『人間失格』の主人公、葉蔵は、子どもの頃から、人の気持ちを理解することが出来ず、苦しんでいました。
それ故に、家族を含め、誰のことも信じることが出来ませんでした。
しかし、人の気持ち等、理解することは出来ません。多くの人は、このことに気づき、半ば諦めながら、日常生活を送っています。
それでも、それが出来ない葉蔵は、苦しみ続けます。
その苦しみの中で、葉蔵は、ヨシ子と出逢います。ヨシ子は、葉蔵がお酒を辞めたら結婚すると約束をします。
約束をしたにも関わらず、葉蔵は翌日からお酒を飲んでしまいます。
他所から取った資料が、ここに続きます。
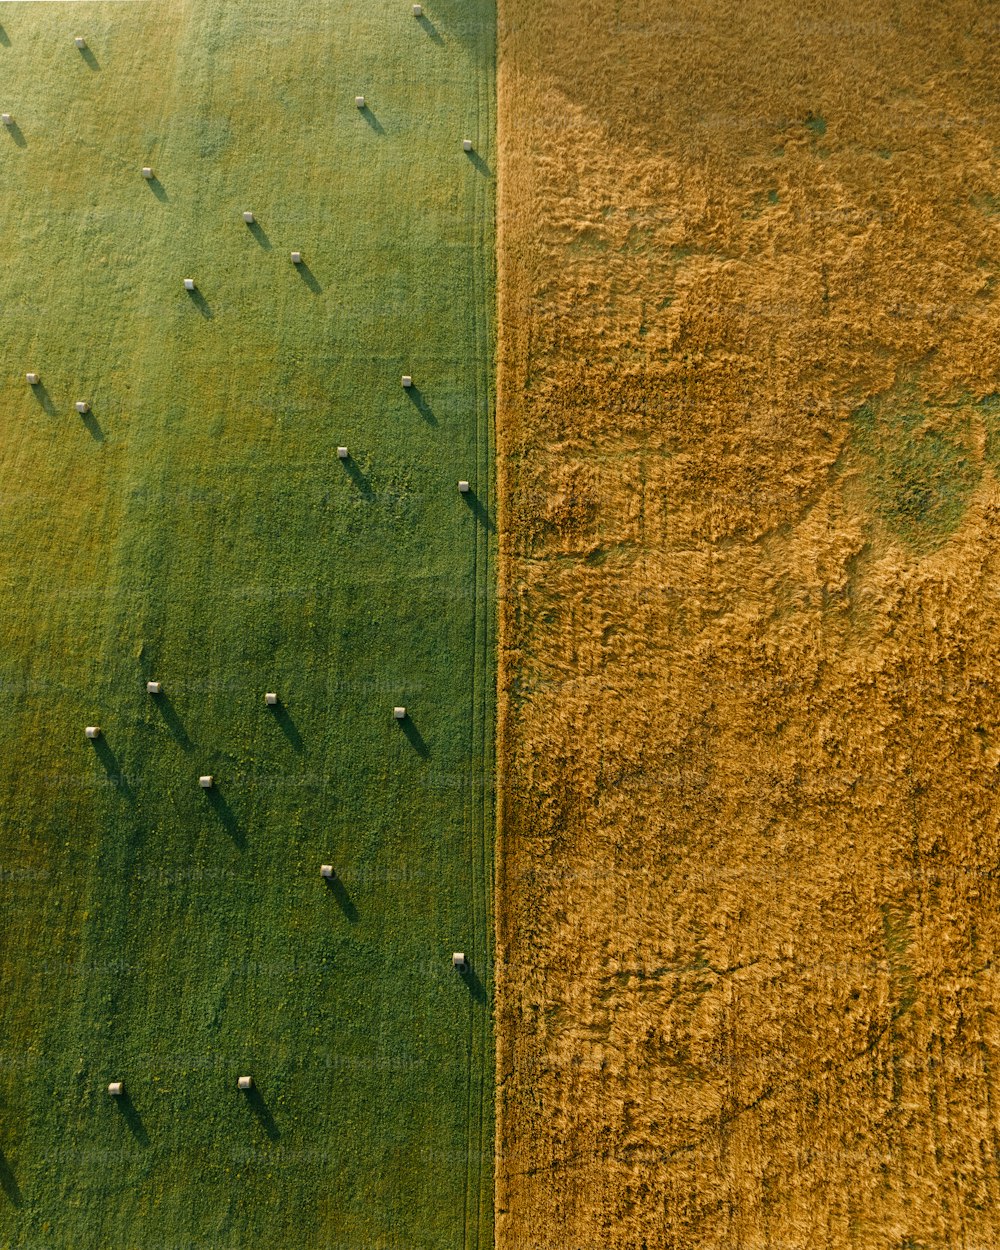 une vue aérienne d’un champ vert et d’un champ jaune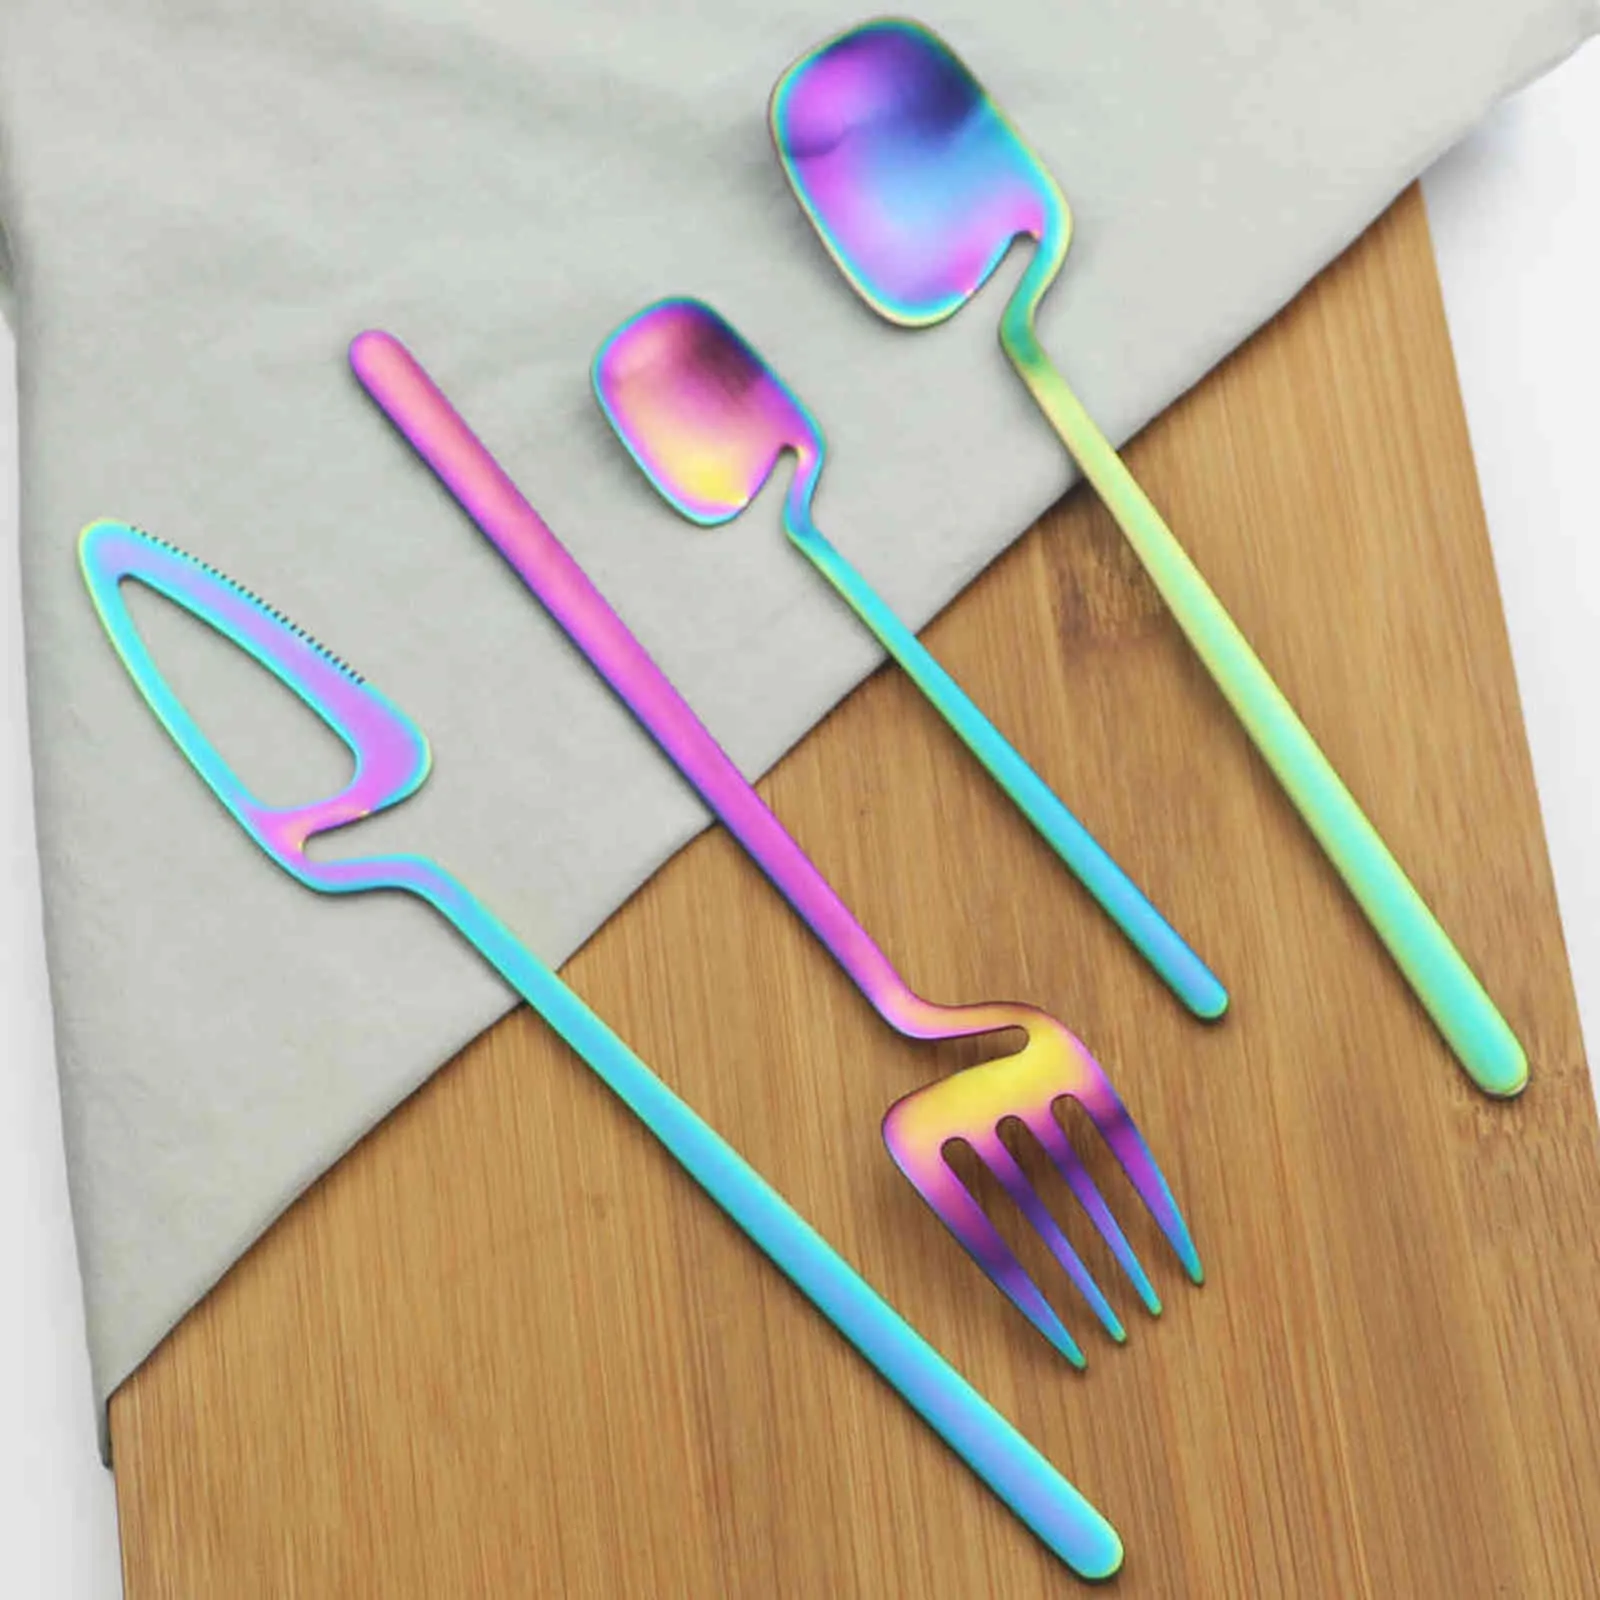 Cutlery Set Knives Fork Coffee Spoon Dinnerware 18/10 Stainless Steel Tableware Party Home Flatware Silverware 211112

その葉蔵を見ても、ヨシ子は、「私と結婚する約束をしたんだから、葉ちゃんがお酒を飲むはずがない。」と葉蔵を疑わず、信じようとします。
葉蔵は、ヨシ子の「人を信じる。」という性格に惚れ、2人は結婚します。
ある日、ヨシ子は人を信じる気持ちにつけ込まれ、犯されてしまいます。
その後、2人の関係はギクシャクし、ヨシ子が大量の睡眠薬を服薬し、自殺をしようとしていることを葉蔵は発見します。
「人のことを信じる人間なんていないと思ったけど、信じる人がいたら皆そいつのことをめちゃくちゃにするじゃねえか。」
この葉蔵の気持ちが、私は、「成程、人間の性を的確に表現されている。」と感心したことを記憶しています。
太宰は、『人間失格』を執筆した後、自殺します。
その為、『人間失格』は太宰の遺書であるとも言われています。
初めて『人間失格』を読み、10年以上経過して、再びその世界に触れると、新たな発見があります。